1. An LD 3320-based voice recognition interaction method is characterized by comprising the following steps:

analyzing the received voice, and extracting voice characteristics;

2. The LD3320 based voice recognition interaction method of claim 1, wherein the method further comprises: and after the primary instruction keywords are successfully matched, broadcasting voice prompt feedback.

3. The LD3320 based speech recognition interaction method of claim 1, wherein the primary command keyword is provided in plurality, and each of the primary command keywords is associated with a plurality of secondary command keywords.
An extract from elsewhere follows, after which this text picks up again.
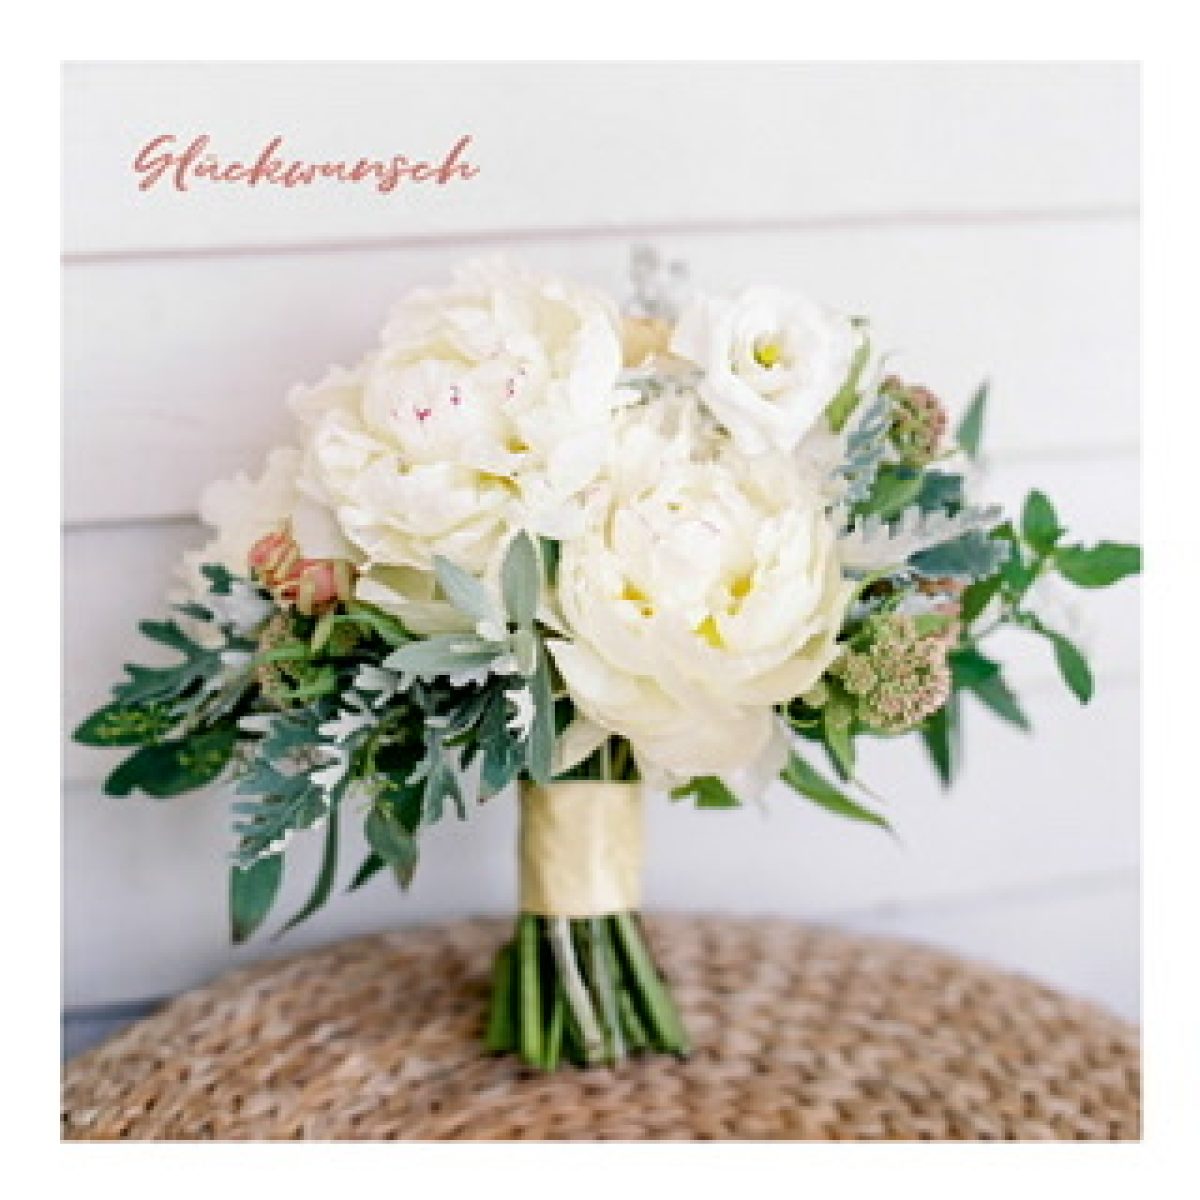 Postkarte "Glückwunsch" mit Blumenstrauß
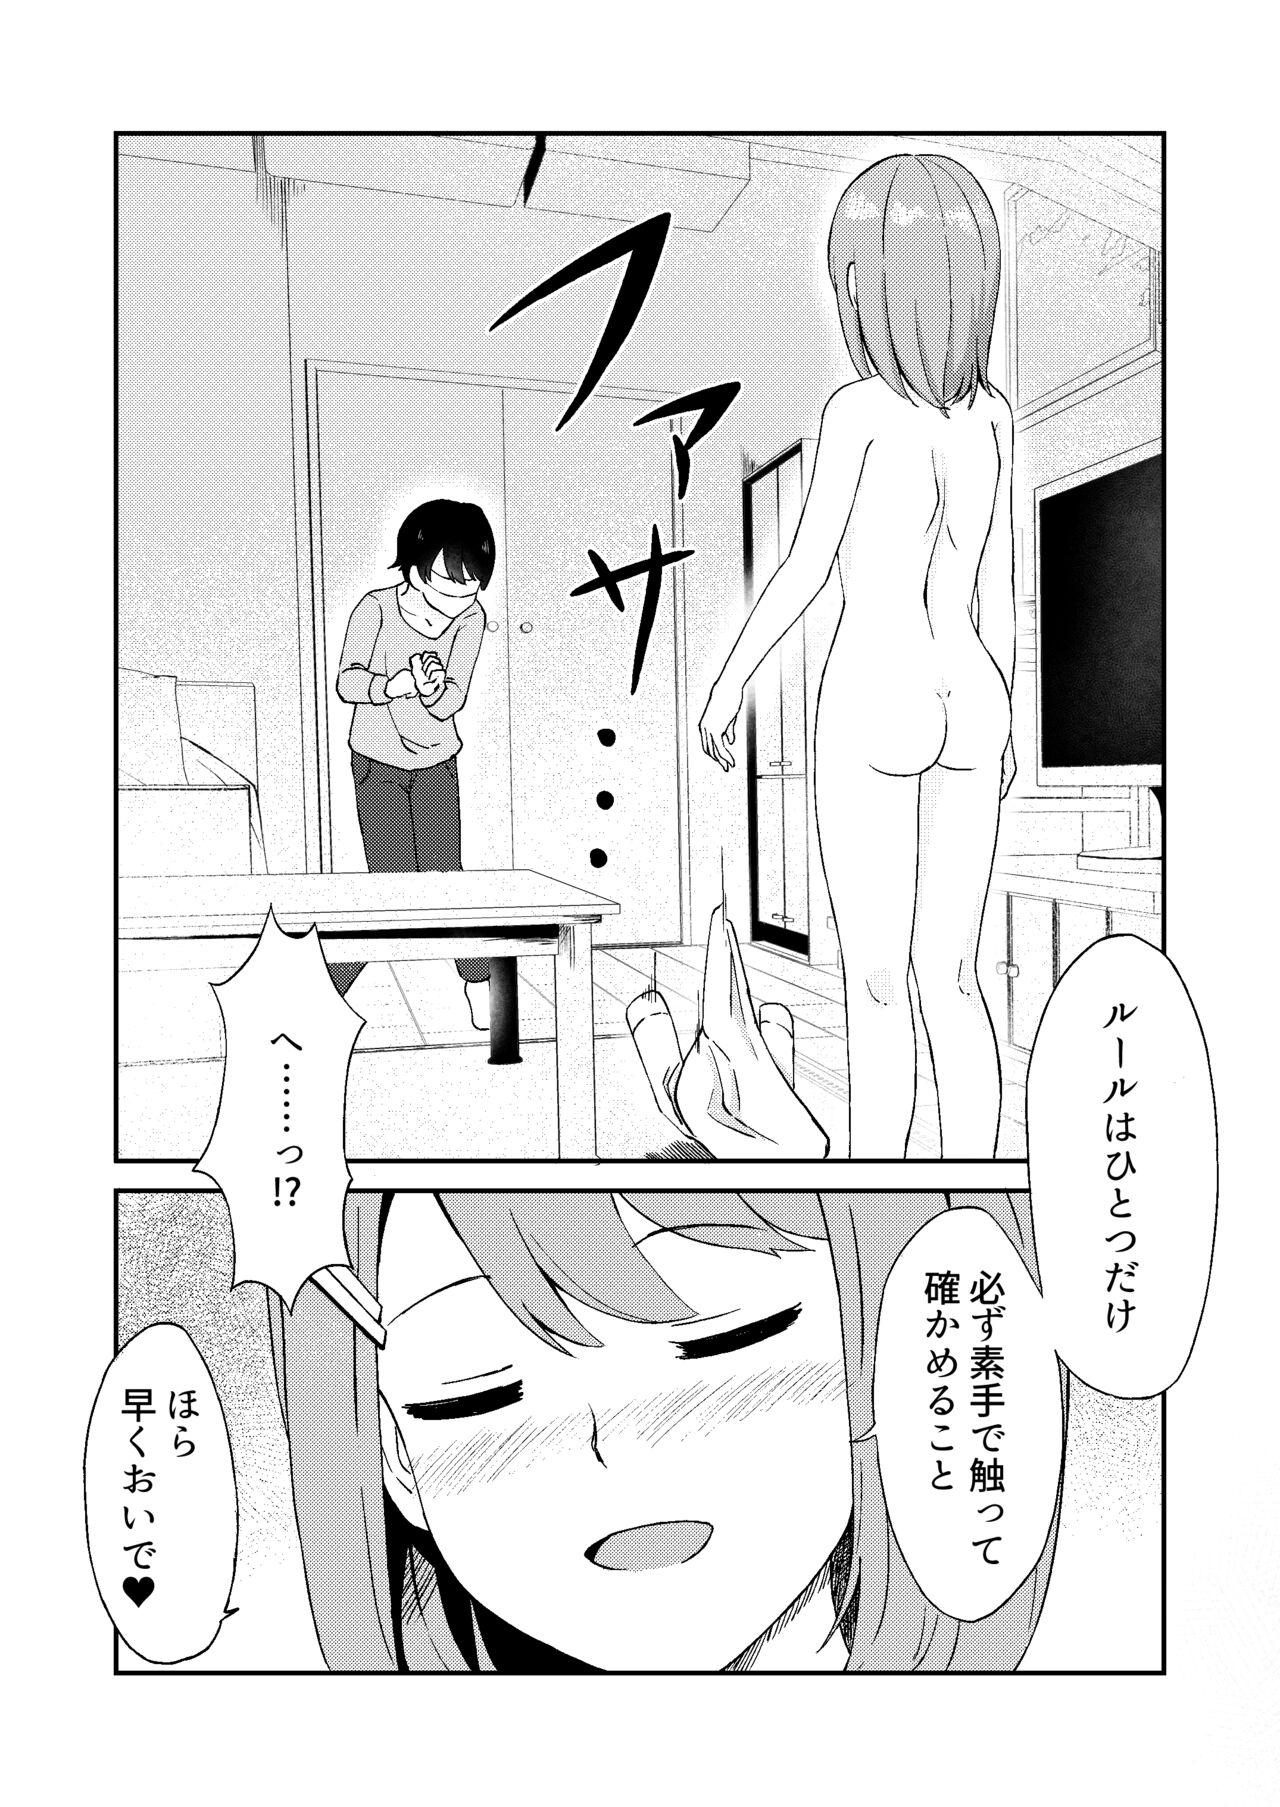 Strap On Kimi ga Mienakutatte - Original Dorm - Page 11

4. The LD3320 based voice recognition interaction method of claim 1, wherein when the primary instruction keywords and the secondary instruction keywords are pre-selected and set, the pinyin table satisfies the following conditions by setting the pinyin table: each pinyin corresponds to a unique coded character, and the number of repeated pinyin strings cannot appear.

5. The LD 3320-based voice recognition interaction method of claim 1, wherein when matching with a preset primary command keyword is successful, if a preset control command keyword is matched within a set time, then executing the corresponding operation according to the control command keyword.

6. The LD3320 based voice recognition interaction method of claim 1, wherein the primary instruction keywords and the secondary instruction keywords are modifiable by a user.

7. An LD 3320-based voice recognition interactive system, comprising:

8. The LD3320 based voice recognition interaction system of claim 7, wherein the voice capturing and recognizing module comprises an LD3320 voice recognition chip.

9. The LD 3320-based voice recognition interaction system according to claim 7, wherein the voice synthesis module comprises an MR628 voice synthesis chip, and a USB-to-TTL chip is further disposed on the relay backplane.

10. The LD3320 based voice recognition interaction system of claim 7, wherein the relay backplane further comprises an indicator light set for prompting when the voice capture recognition module matches a successful secondary instruction.